Manipulation of the pericardium has been considered as a potential risk factor for CP, including use of powdered gloves as a possibility.4 Bilateral procedures even without median opening of the pericardial sac, requires mediastinal shifting to hilum exposure and minimal manipulation of the pericardium around pulmonary vessels and bronchus. If a Clamshell incision is used it is possible to observe pericardial stretching sometimes leading to heart compression interfering in its filling with hypotension. In cases like this, we have adopted a technique to open the pericardial sac to alleviate the heart, pulling it up outside the normal position promoting better exposure of the hilum especially to the left side. In none of our bilateral cases we had to open the pericardium. In a single lung transplant the pericardium manipulation is even smaller and is only around the hilum vessels.8 As almost all cases reported in the literature we could not be able to identify a risk factor to its development in our cohort. The pathological specimen only showed typical features of pericarditis without granulomas or signs of infection.
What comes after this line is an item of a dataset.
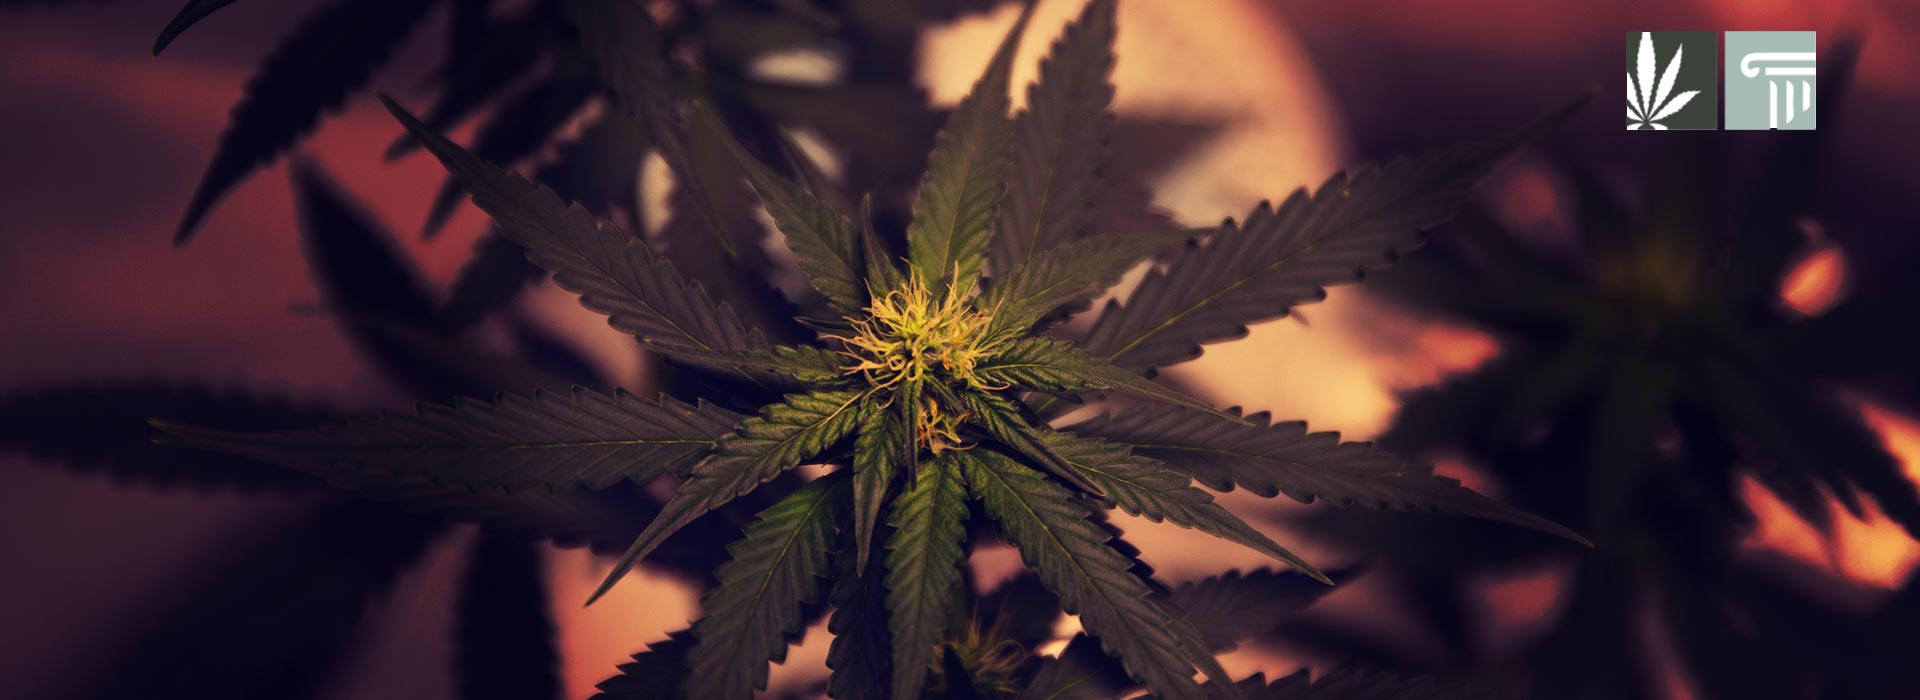 delaware governor vetoes marijuana decriminalization measure
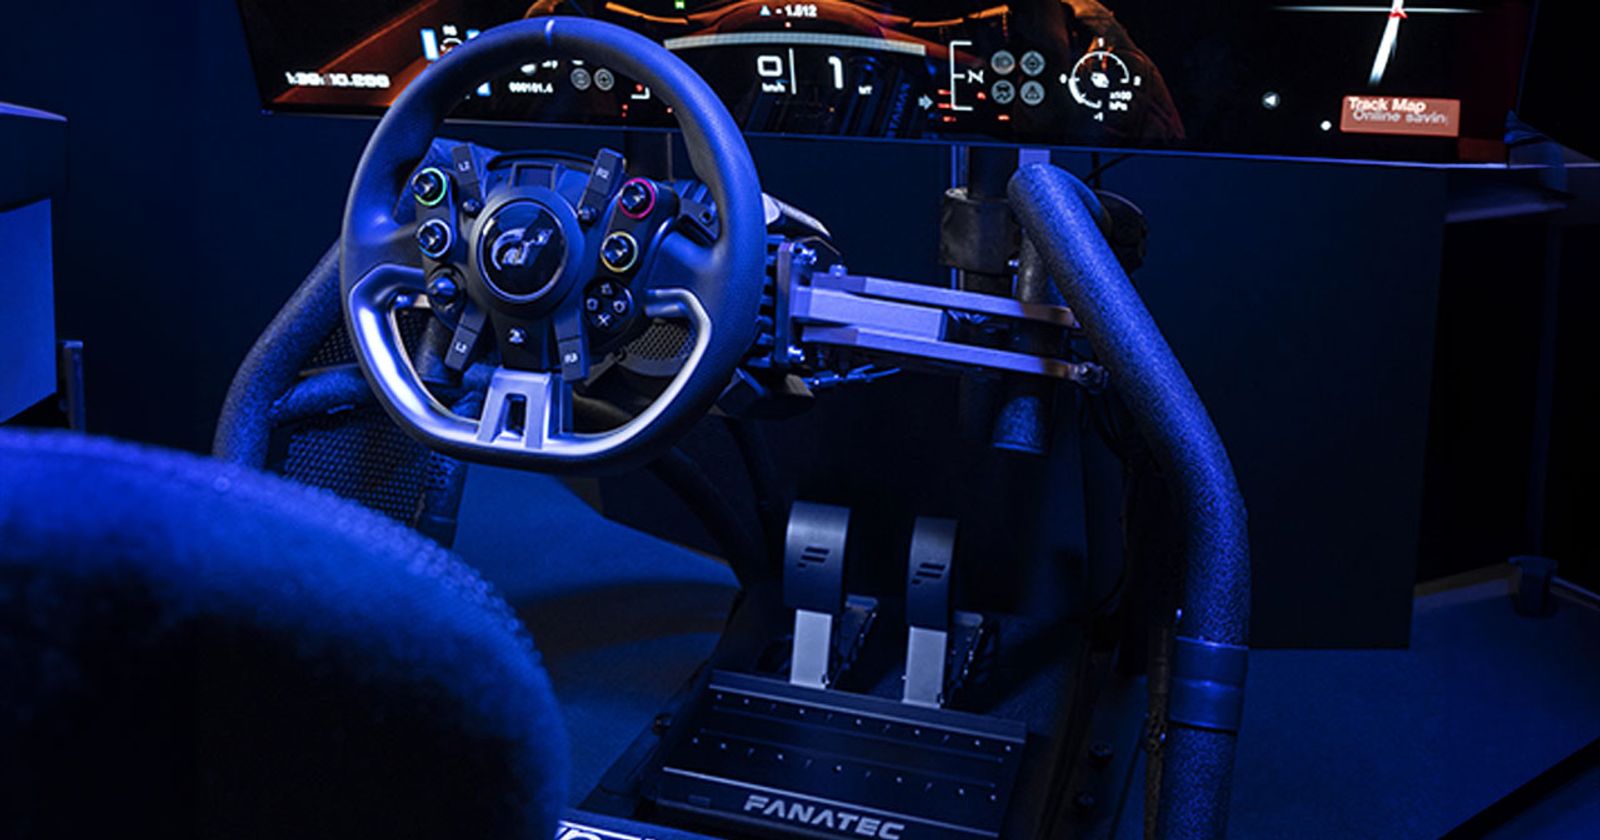 Fanatec GT DD Pro vs Thrustmaster T-GT II: Best PS5 Racing Wheel

The severity of the outcome requires rapid suspicious in every patient after lung transplantation. The definitive diagnosis relies on MRI showing thickening of pericardium and epicardium and cardiac catheterization with equalization of end diastolic pressure in all cardiac chambers, characteristic dip and plateau of ventricular diastolic pressure and resultant ventricular interdependence.9 Pericardiectomy and cardiac decortication must be ready performed in cases of progressive disease. Our first case had delayed diagnosis with severe shock after pericardial drainage. This patient died two days after and autopsy showed CP. The subsequent three patients, including this one, with similar symptoms had prompt suspicious with effective diagnosis and were submitted to success surgical treatment. The technique of pericardiectomy was by median sternotomy without cardiopulmonary bypass. Only one case in the literature required CPB to perform pericardiectomy.2 The thickened pericardium was removed phrenic-to-phrenic laterally and from the diaphragm to the aorta. Epicardiectomy was performed by subtotal decortication of the anterior and lateral faces of the heart. This is the crucial step of the surgery when sometimes the separation of the epicardium from the myorcardium is almost impossible. In cases like this, a Waffle procedure can be performed to avoid the risk of accidents.10 In these series, CP was related to worst outcome with death or palliation in three patients with a mortality rate of almost 20%. The effective treatment with an aggressive surgery as the pericardiectomy on the other hand was responsible for a good response with long survival rate.
This is the first case of CP after a single lung transplantation. Since there was no cardiopulmonary assistance and minimal pericardial manipulation, idiopathic or multifactorial causes should be involved. The most important is the prompt diagnosis to assure ideal surgical treatment to avoid fatal outcome.